[Provided data — start]
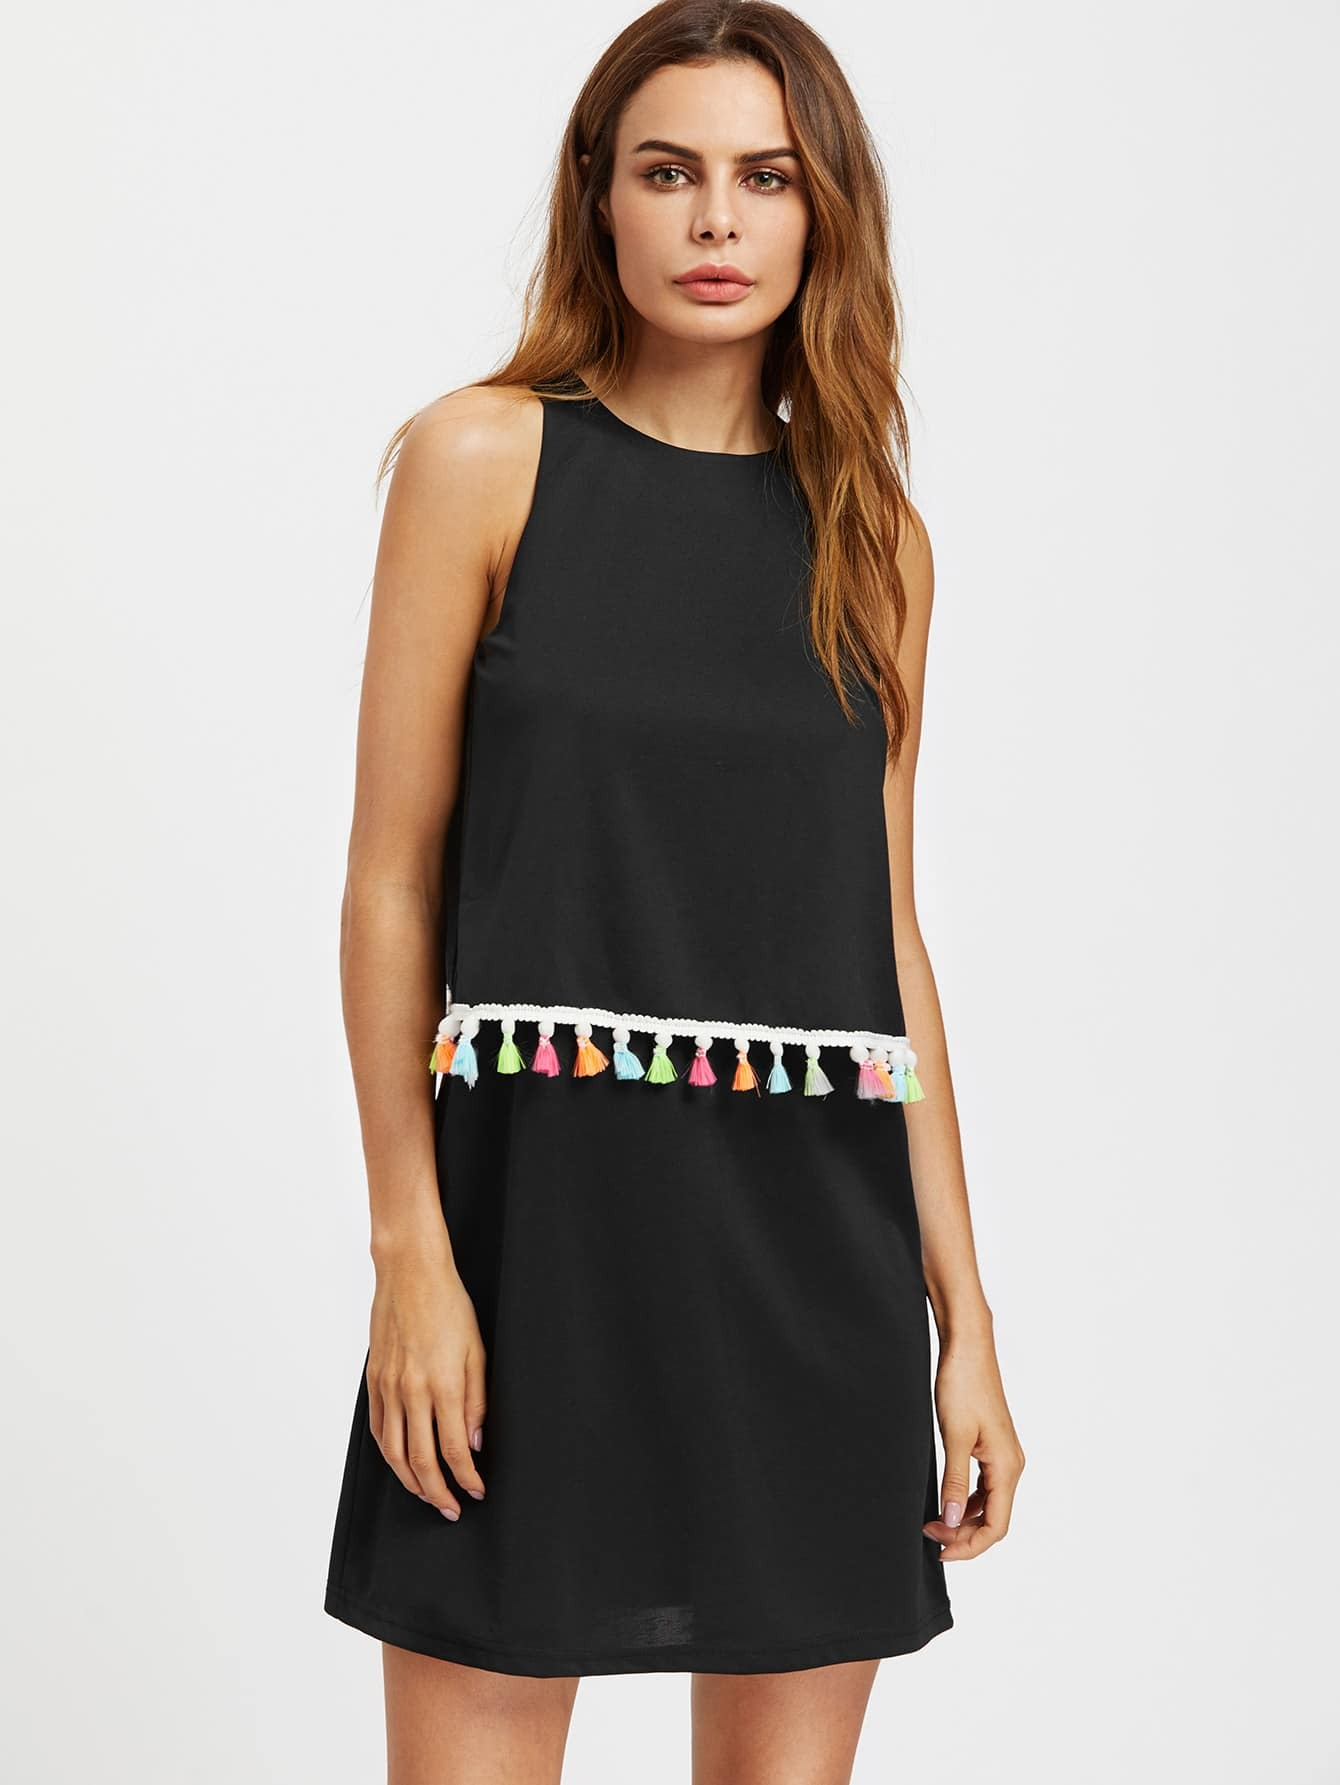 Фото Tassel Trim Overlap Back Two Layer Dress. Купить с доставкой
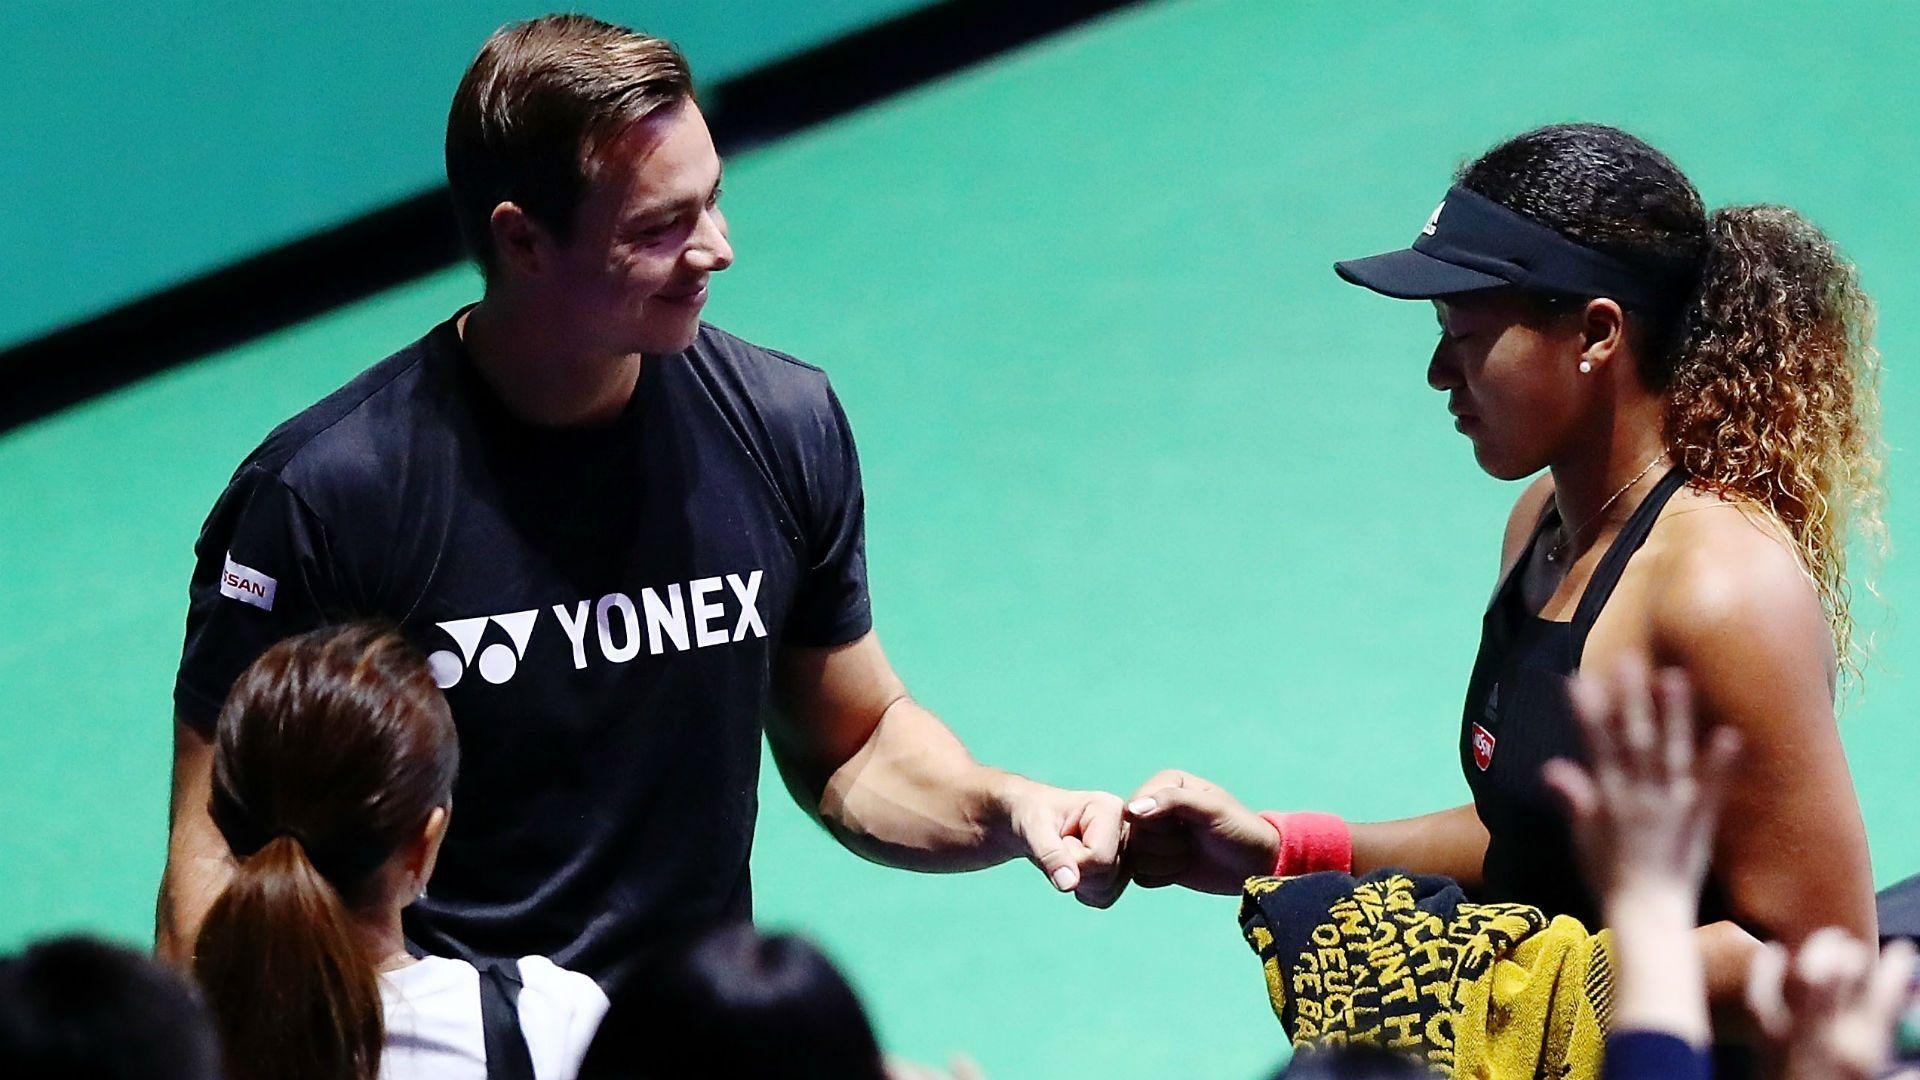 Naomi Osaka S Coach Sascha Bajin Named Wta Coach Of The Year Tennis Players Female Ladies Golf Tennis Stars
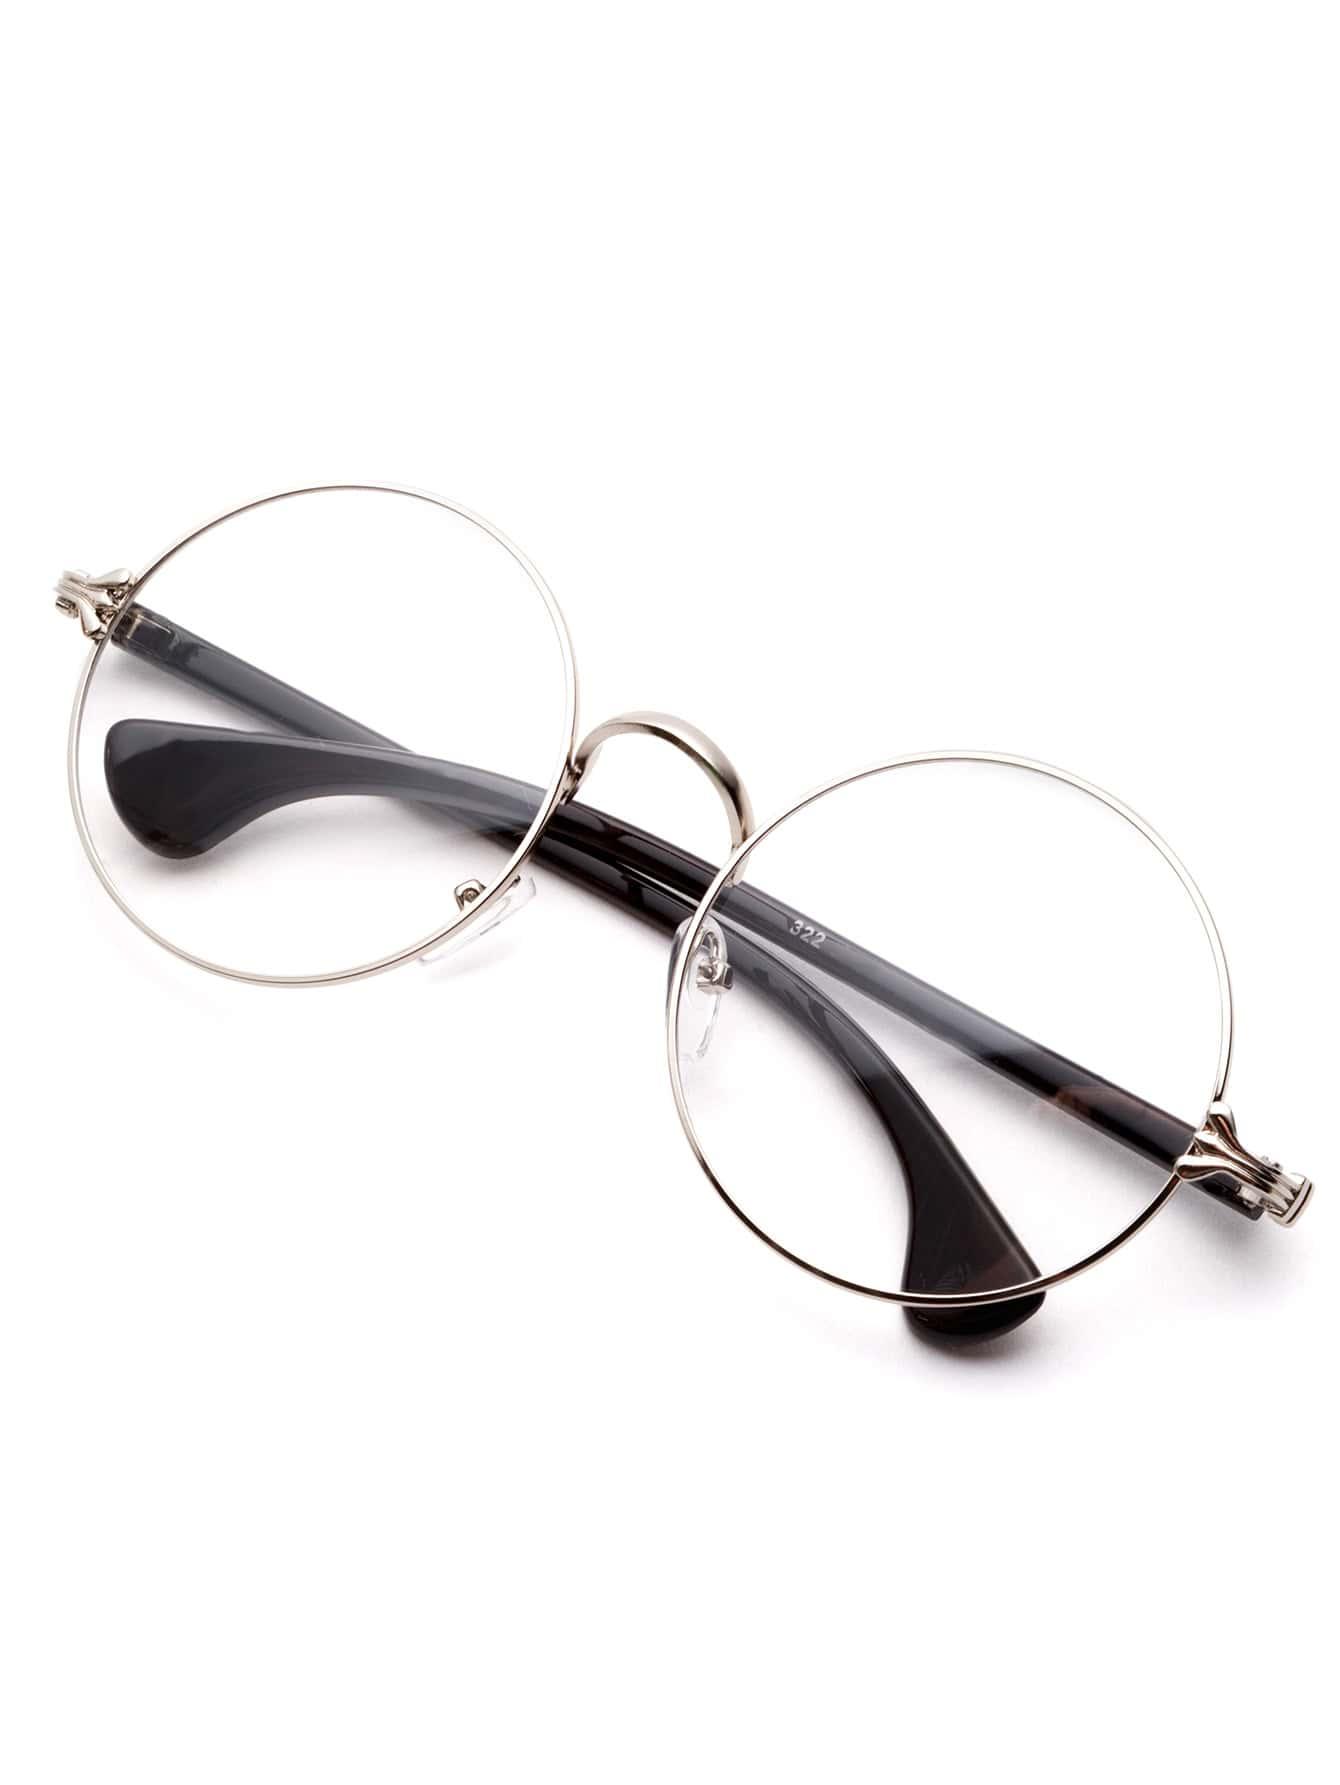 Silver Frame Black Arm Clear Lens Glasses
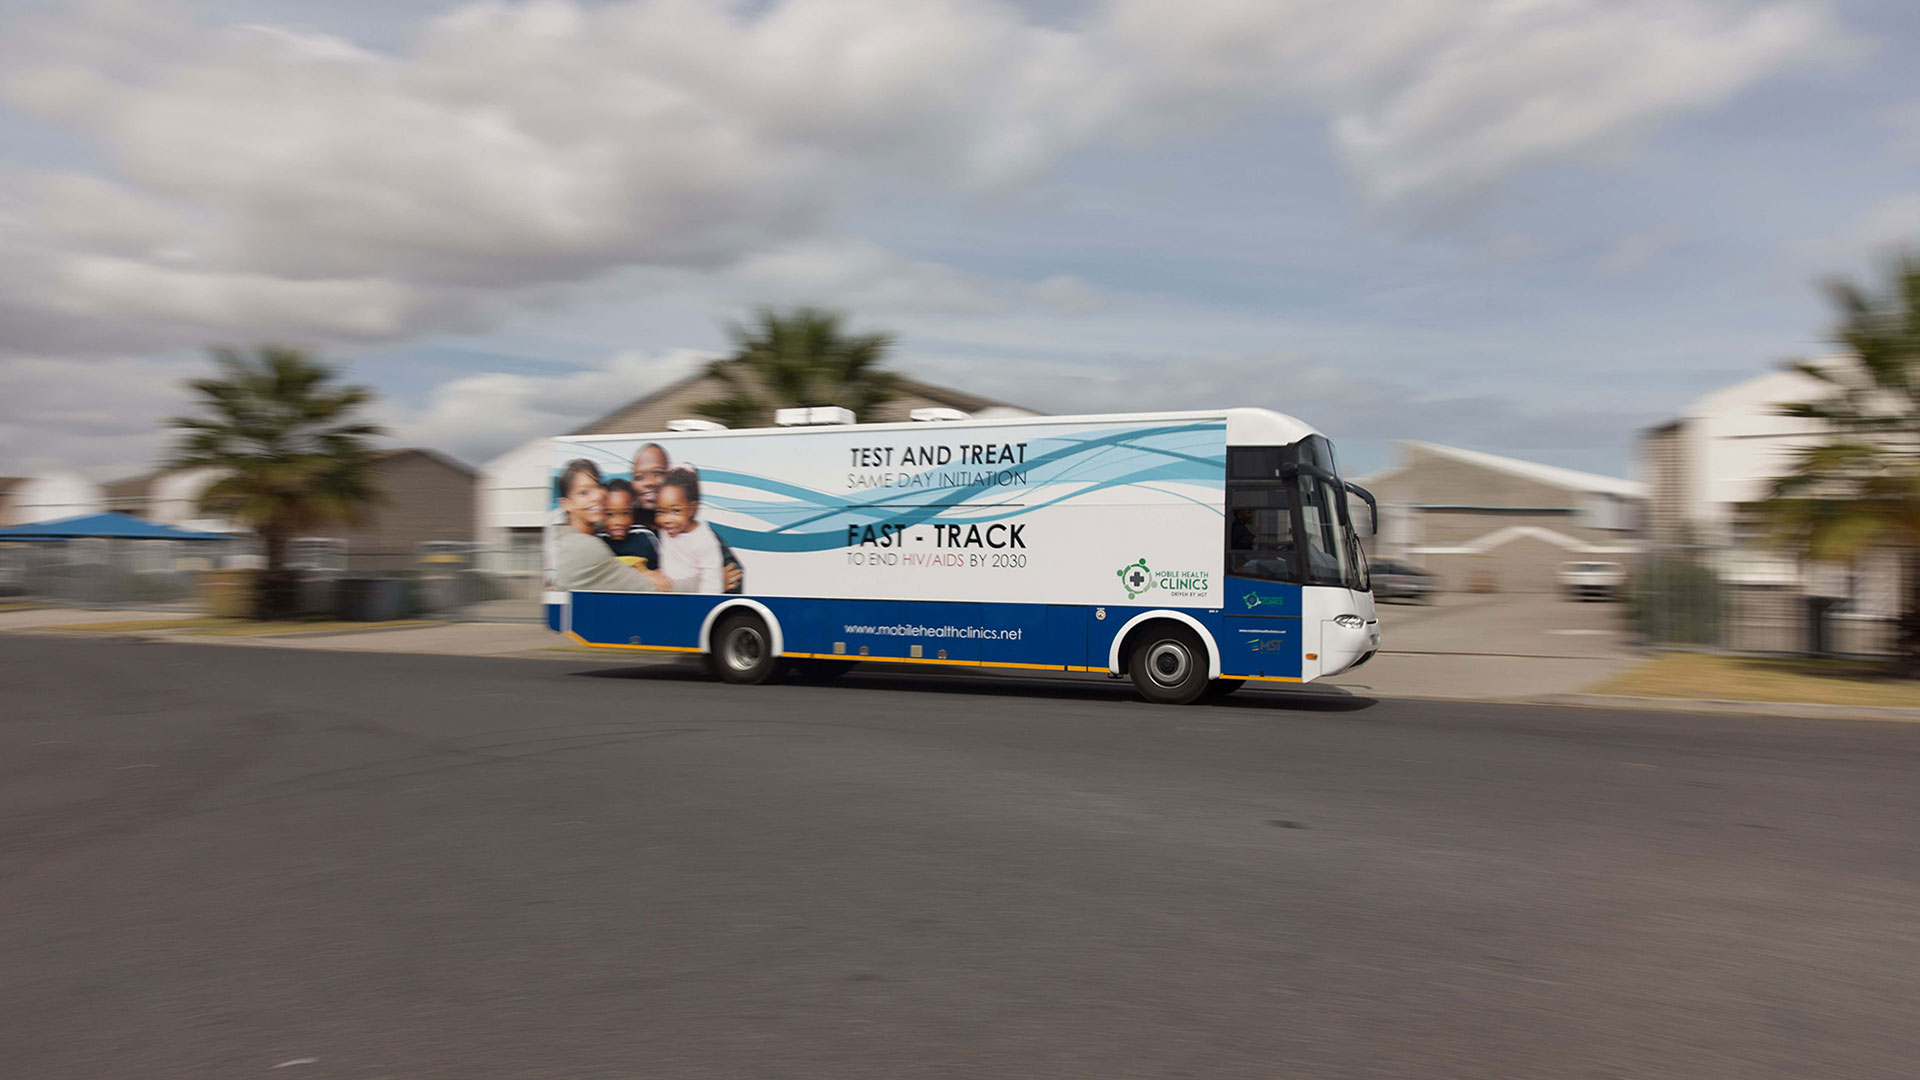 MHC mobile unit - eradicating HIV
[Provided data — finish]
| Your task |
Leave the pictures out, and print every line of the listing exactly as written.

| Reply |
 Фото Tassel Trim Overlap Back Two Layer Dress. Купить с доставкой
 Naomi Osaka S Coach Sascha Bajin Named Wta Coach Of The Year Tennis Players Female Ladies Golf Tennis Stars
 Silver Frame Black Arm Clear Lens Glasses
 MHC mobile unit - eradicating HIV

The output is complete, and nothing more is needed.